## PROMPT
Please output the entries below from the line that contains "pumpkin oatmeal cookies" through the final line, reproduced exactly and alone.

## MATERIAL FOR THE TASK
============================================================
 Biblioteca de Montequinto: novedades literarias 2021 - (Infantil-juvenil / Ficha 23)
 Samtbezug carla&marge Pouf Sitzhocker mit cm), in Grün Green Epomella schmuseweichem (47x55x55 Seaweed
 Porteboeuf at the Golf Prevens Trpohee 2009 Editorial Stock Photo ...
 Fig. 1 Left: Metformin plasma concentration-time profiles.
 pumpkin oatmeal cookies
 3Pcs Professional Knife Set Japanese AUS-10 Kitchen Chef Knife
============================================================
## OUTPUT FOR THIS EXERCISE
 pumpkin oatmeal cookies
 3Pcs Professional Knife Set Japanese AUS-10 Kitchen Chef Knife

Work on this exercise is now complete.